A few days ago I donated some blood. I’d say this is because I am a wholly virtuous person, but I invariably spend a portion of my session looking up the various health benefits of getting rid of a pint of claret. The biscuits afterwards are a further inducement.
Yet on the whole, donating blood is one of those things that people take upon themselves to do for ‘the greater good’. It is a fairly miraculous process: the Volk of a country taking the time and effort to donate their precious bodily fluids so that others, unknown to them, after some wretched accident or some inner-city stabby-stabby enrichment, can have a stab at survival.
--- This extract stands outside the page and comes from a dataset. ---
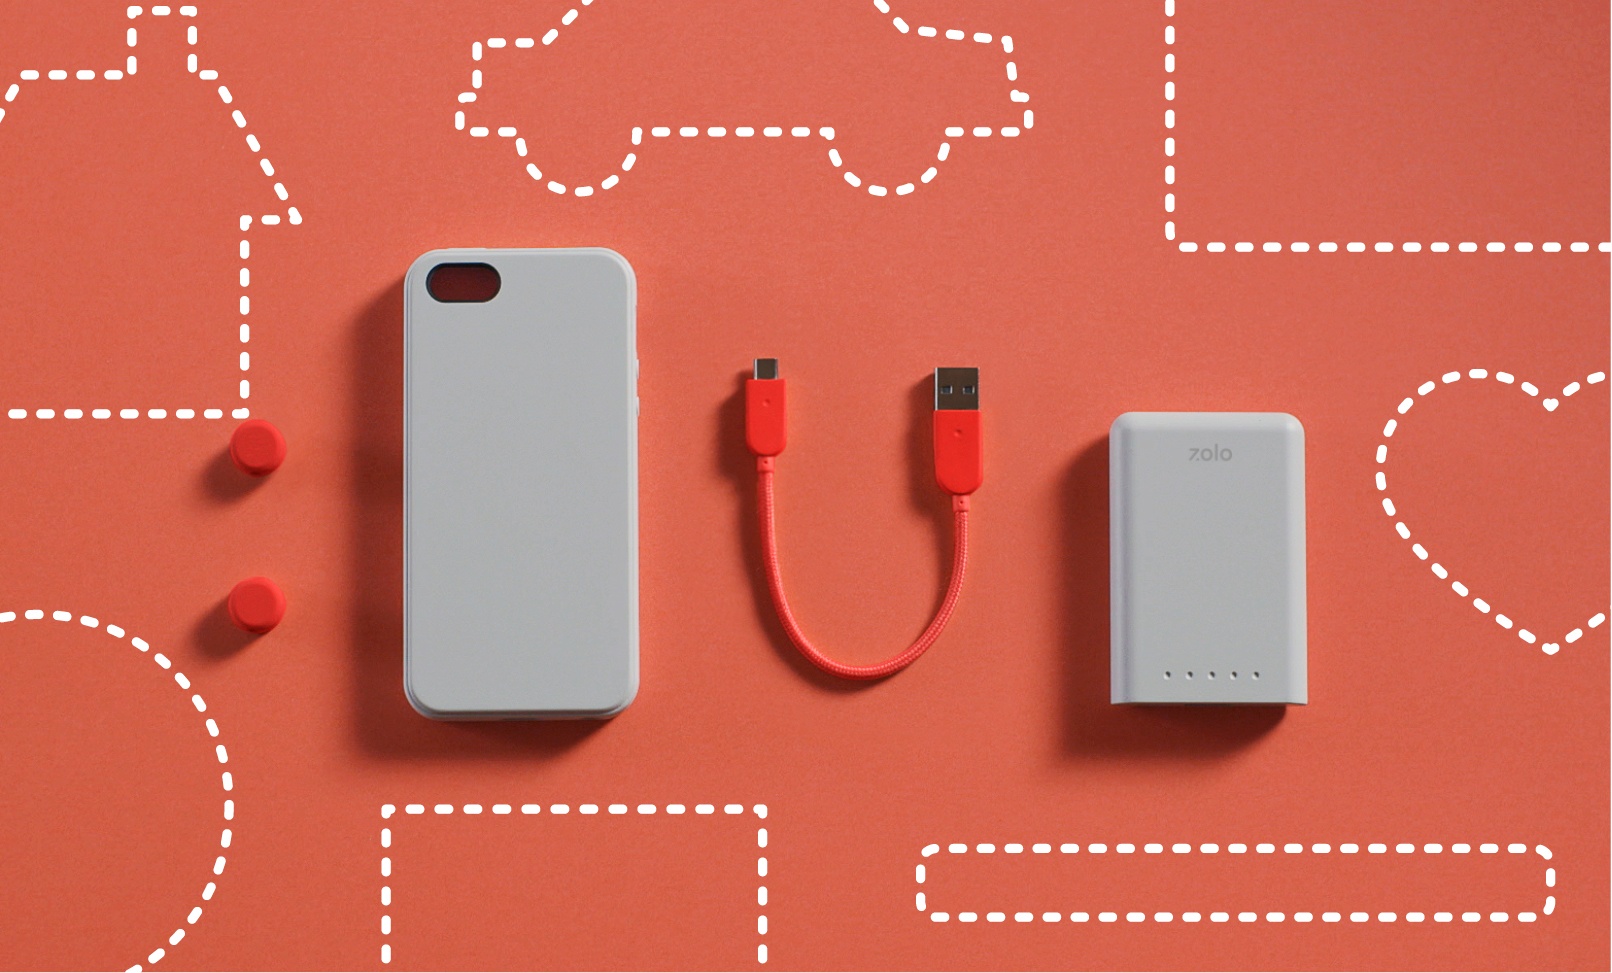 The Zolo System Uses Powerful Magnets To Keep Your Device Encased And Running

The notion that in some jurisdictions you are paid for your donation strikes many do-gooders as variously obscene, outrageous and/or American. Take this Guardian article, for example, which laments people being paid to donate plasma, asking ‘is that the kind of society we want to be?’ Presumably not paying them and hence not receiving the plasma would be a preferable outcome.
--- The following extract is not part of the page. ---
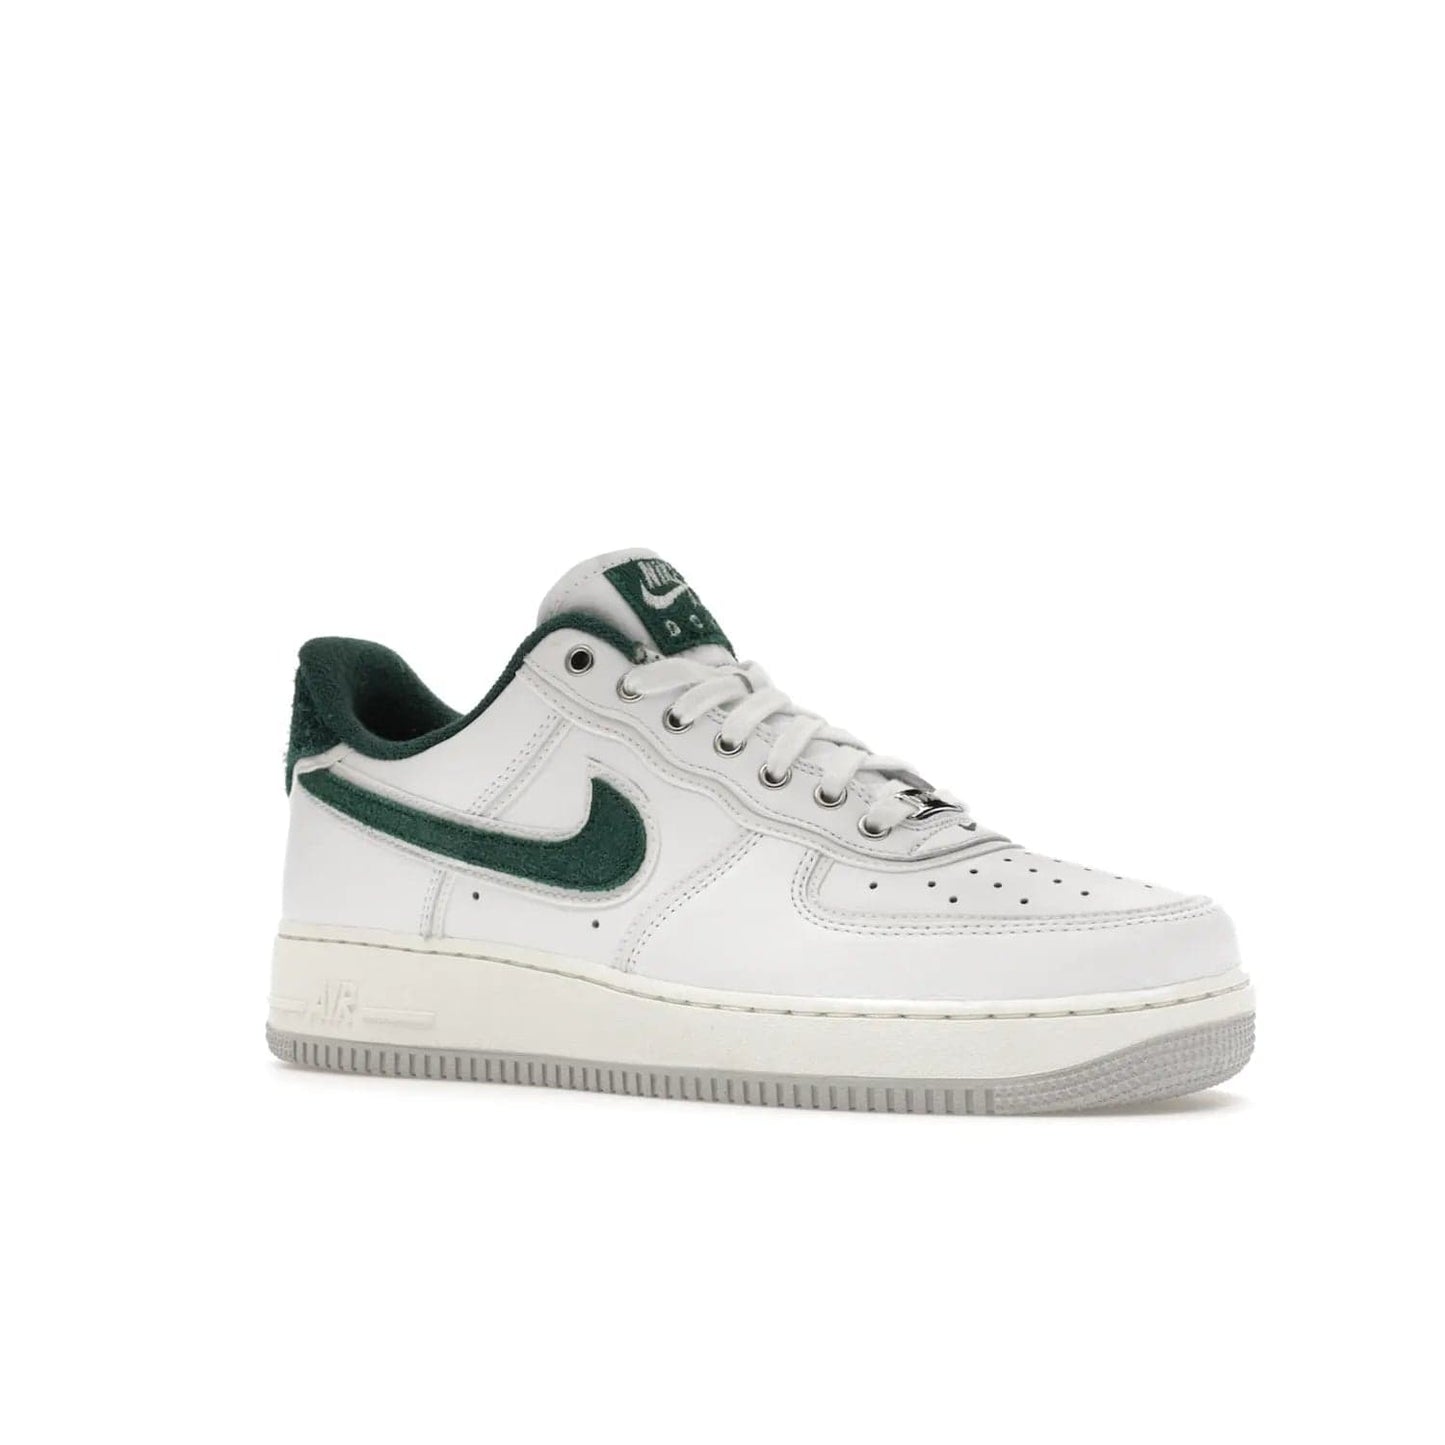 Nike Air Force 1 Low '07 Premium University of Oregon PE - Image 4 - Only at www.BallersClubKickz.com - The Nike Air Force 1 Low '07 Premium. Special Oregon University colorway. White base with green and sail accents. Cushioned rubber midsole. Comfort and style. Support your school!

Even though we are morally superior in the UK – thanks largely to the totally free and totally awesome Our NHS (pbuh) – it has not escaped my attention that in my donating I am the only ‘free’ part of the whole process. In fact, for me it is a net cost in terms of time and energy. At every other stage – from the nurses to the technicians to the extremely-poorly-paid doctors (the most lamentable creatures, how do they survive?) everyone else is being remunerated handsomely (or otherwise) for their time.
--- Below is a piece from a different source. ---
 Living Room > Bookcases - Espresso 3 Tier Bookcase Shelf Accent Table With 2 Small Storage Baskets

So why the moral grandstanding? If it is so virtuous to donate blood, then why should anyone along the continuum of my vein to the recipient’s take any money whatsoever?
Still, I’m a dozen donations in so I don’t care a jot for the fake moralising of others about the topic. If someone wanted to give me a tenner for the trouble I go to, I wouldn’t flounce off in a hissy fit of self-righteousness.
I am fortunate enough to donate in various vibrant and diverse areas of Modern Britain. Plasma can only be given in three locations across the country, one of which is Birmingham.
At last official (and hence probably wildly inaccurate) count, Birmingham was around 48% white. Donating plasma twice, and seeing in the process about 20 other donors, I only observed other white-skinned devils.
I am no statistician, but if Birmingham’s population is roughly 50% white, then we can take the white-or-otherwise probability to be like tossing a coin. The odds of getting the same result 20 times in are miniscule.
Does this matter? I don’t know – but I definitely noticed it. Perhaps it was unfortunate coincidence: the number of non-white blood donors appears to have increased in recent years according to stats. Yet, a risk of diversity and the breakdown of our formerly homogenous society is the decline in civic-minded actions.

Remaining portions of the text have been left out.